Miranda, a moon of Uranus, is the target of my RPS-powered mission. Despite its small size, this intriguing world boasts 20-kilometer-deep canyons and coronae—oval features hypothesized to form when subsurface material wells up and refreezes on its icy surface. Recent studies hint at a subsurface ocean beneath its 30-kilometer-thick crust. Studying both this hidden ocean and Miranda’s striking terrain could reveal its geological history and guide our exploration of other icy moons. Discovering liquid water also raises the possibility of life, making this mission crucial for understanding habitability beyond Earth.
To accomplish these goals, NASA’s REASON instrument—an ice penetrating radar operating between 9 MHz and 60 MHz—will be deployed. These frequencies can penetrate ice up to 30 kilometers, reveal dielectric properties of materials to distinguish liquid water from solid ice, and map the moon’s ocean structure and internal geography. A magnetometer will supplement these findings by detecting changes in Miranda’s magnetic field caused by any salty, conductive ocean, confirming its presence and properties.
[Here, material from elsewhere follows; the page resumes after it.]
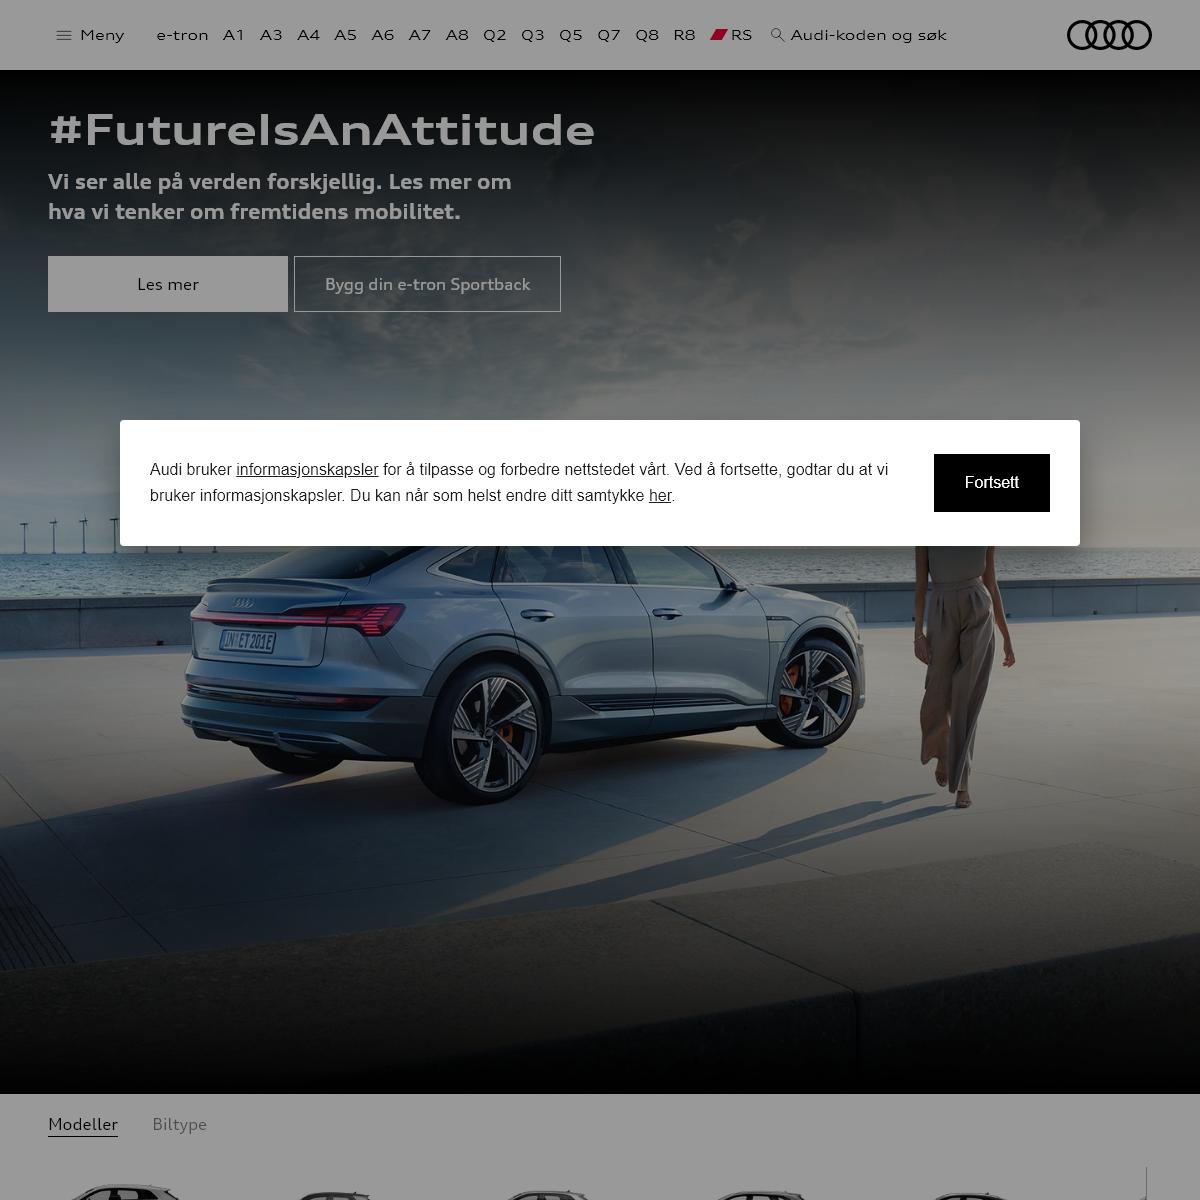 Audi Norge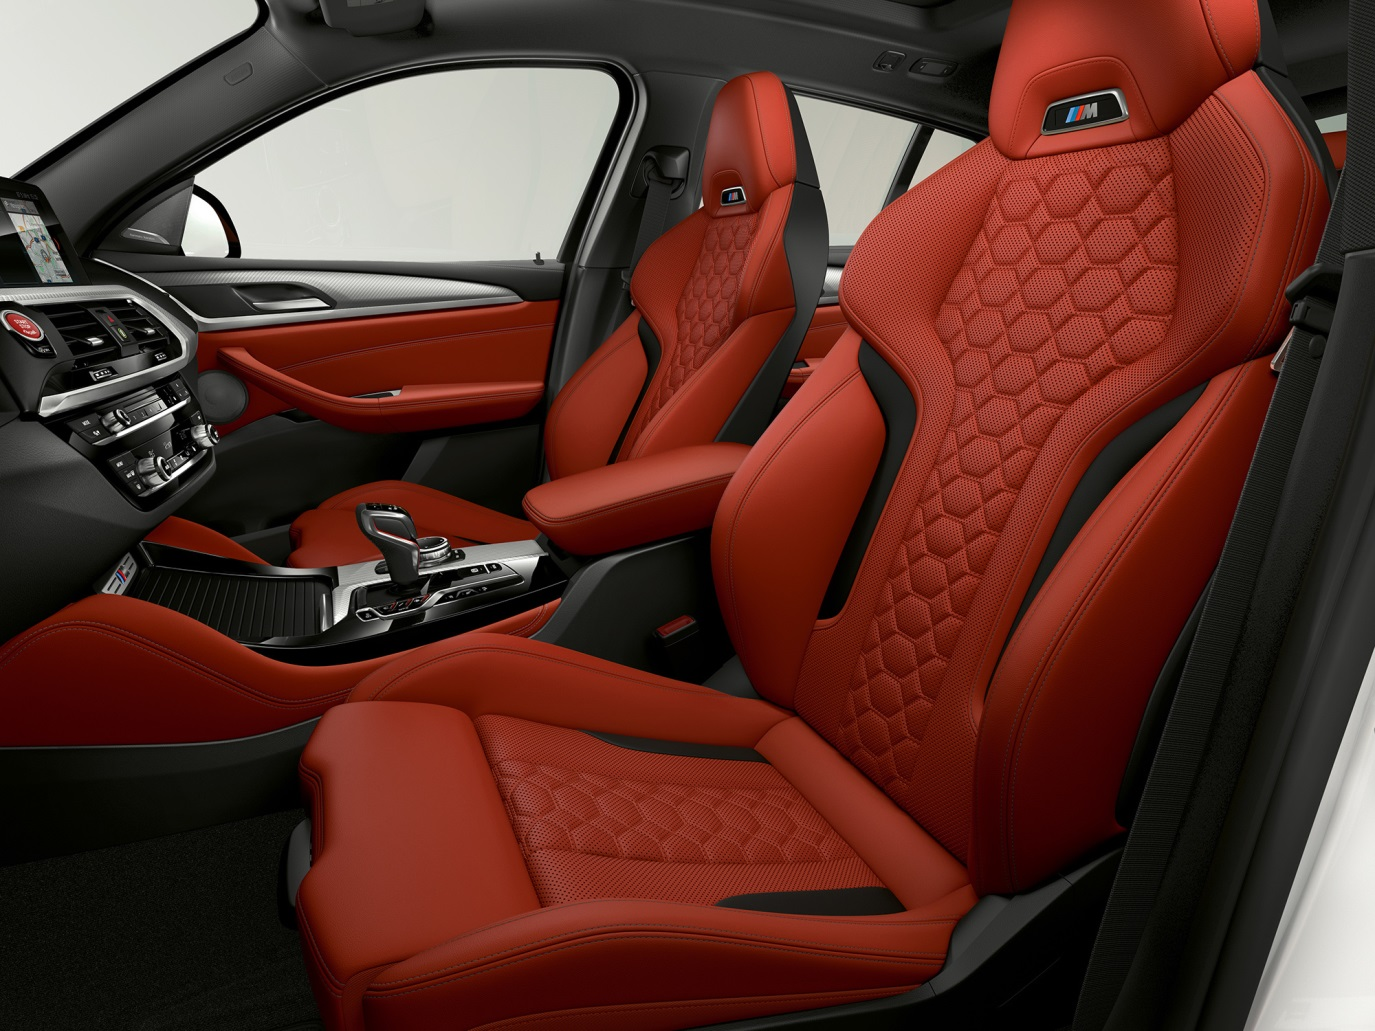 C:\Users\Jialing\Desktop\20190306\20190306\635-Car Guide\bmw-full\5c63bd50ec05c4a62b0001b4.jpg

Together, these instruments will provide an in-depth view of Miranda’s subsurface and its evolutionary processes.
Miranda’s extreme cold, averaging -213°C (-351°F), coupled with its vast distance from the Sun, renders solar power impractical. RPS will provide reliable energy, maintain thermal stability, and keep the instruments running smoothly in these harsh conditions.
Utilizing my skills in pattern recognition and analytical insight ensures mission success. With experience analyzing complex EEG brain data, I can identify subtle patterns in radar and magnetic readings, unraveling the story of Miranda’s hidden ocean and terrain. This mission will advance not only our understanding of Miranda but also of the cosmos as a whole and its potential for life.